◆ Records shown ◆
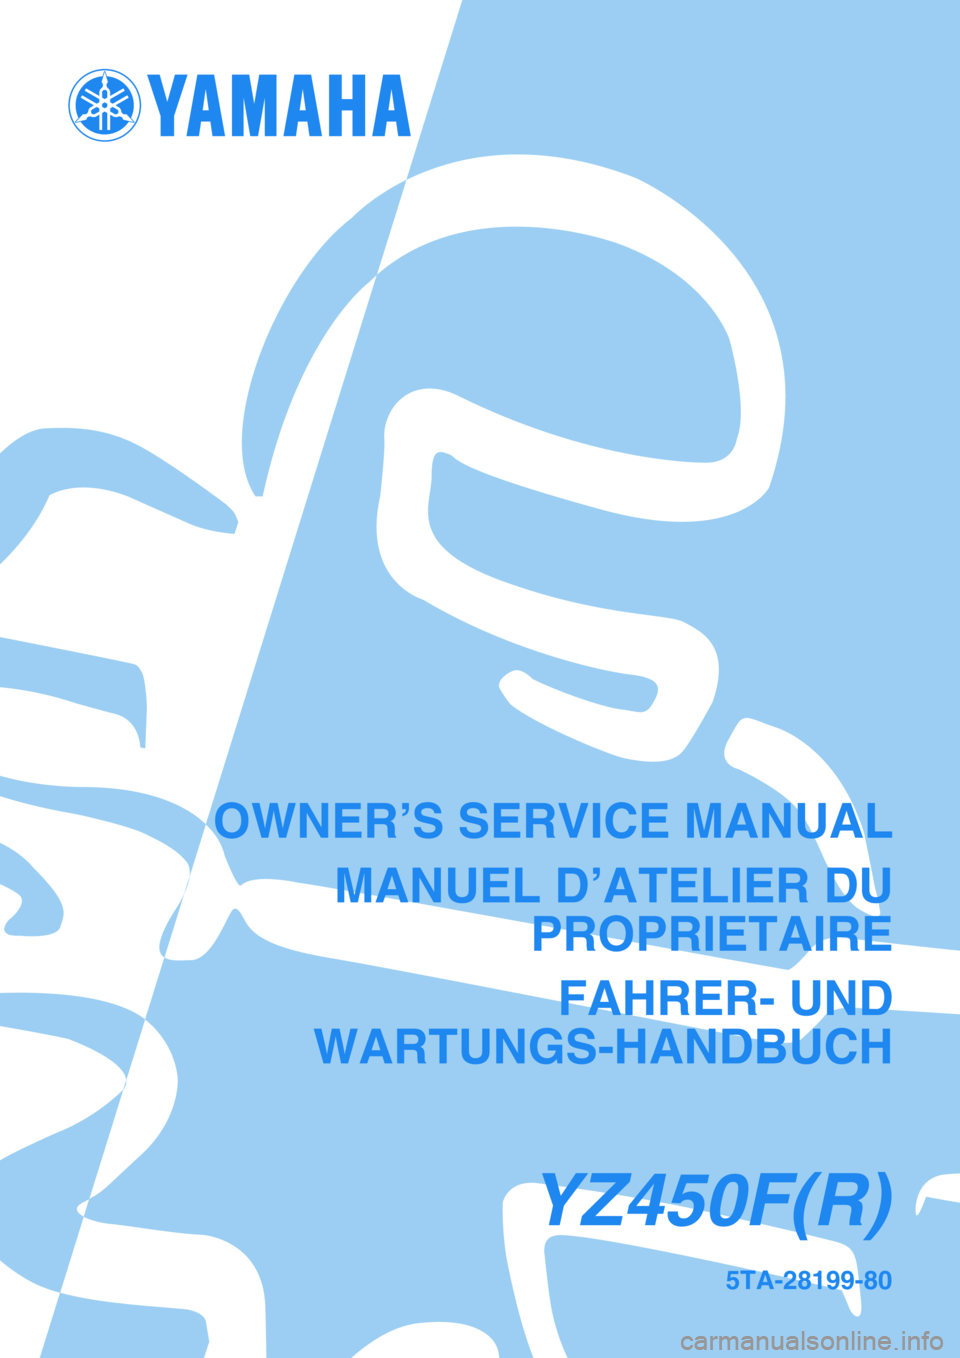 YAMAHA YZ450F 2003  Notices Demploi (in French) 5TA-28199-80
YZ450F(R)
OWNER’S SERVICE MANUAL
MANUEL D’ATELIER DU
PROPRIETAIRE
FAHRER- UND
WARTUNGS-HANDBUCH 
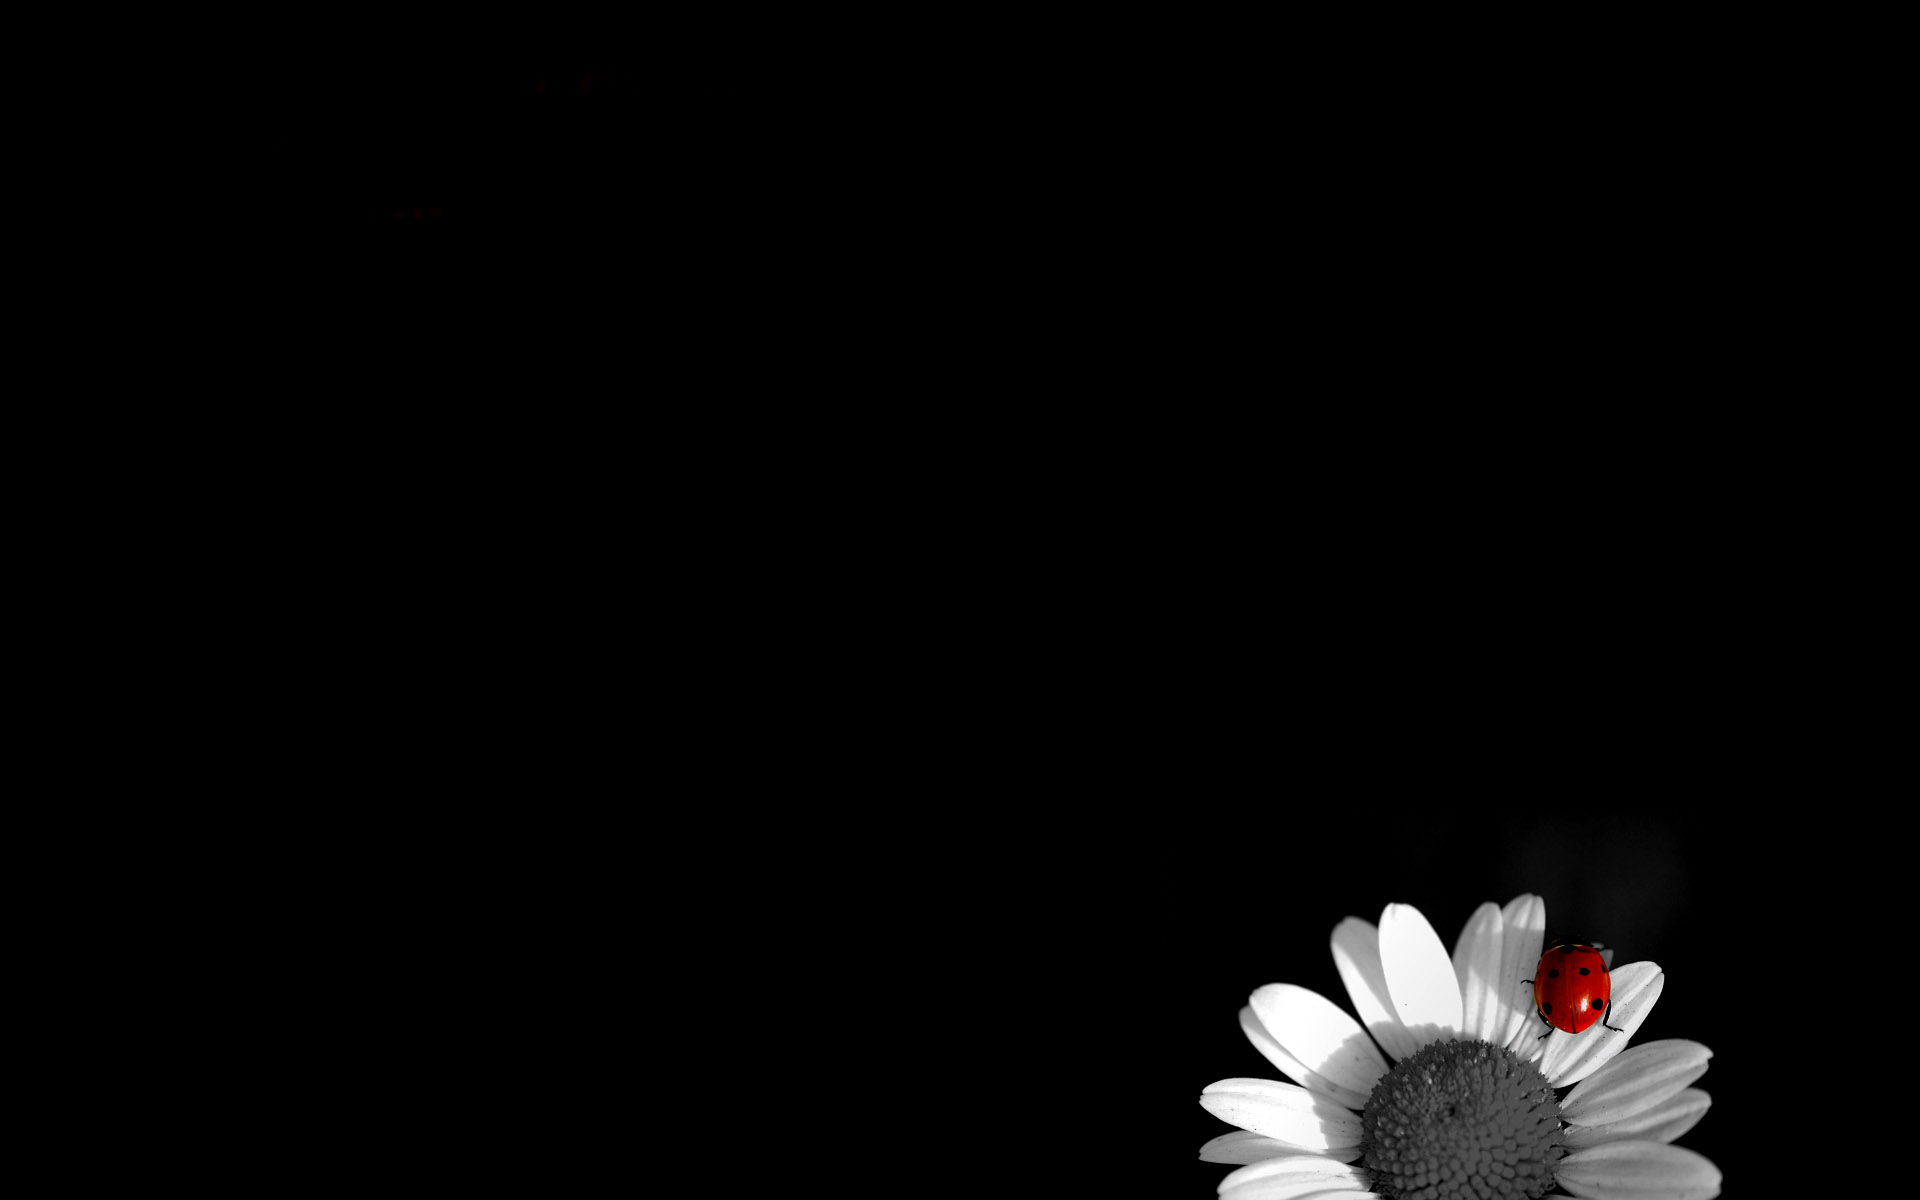 On White Flower With Black Background HD Wallpaper X

◆ Instructions for the task ◆
When you repeat the listing, keep it exact and leave the pictures behind.

◆ Result ◆
 YAMAHA YZ450F 2003  Notices Demploi (in French) 5TA-28199-80
YZ450F(R)
OWNER’S SERVICE MANUAL
MANUEL D’ATELIER DU
PROPRIETAIRE
FAHRER- UND
WARTUNGS-HANDBUCH 
 On White Flower With Black Background HD Wallpaper X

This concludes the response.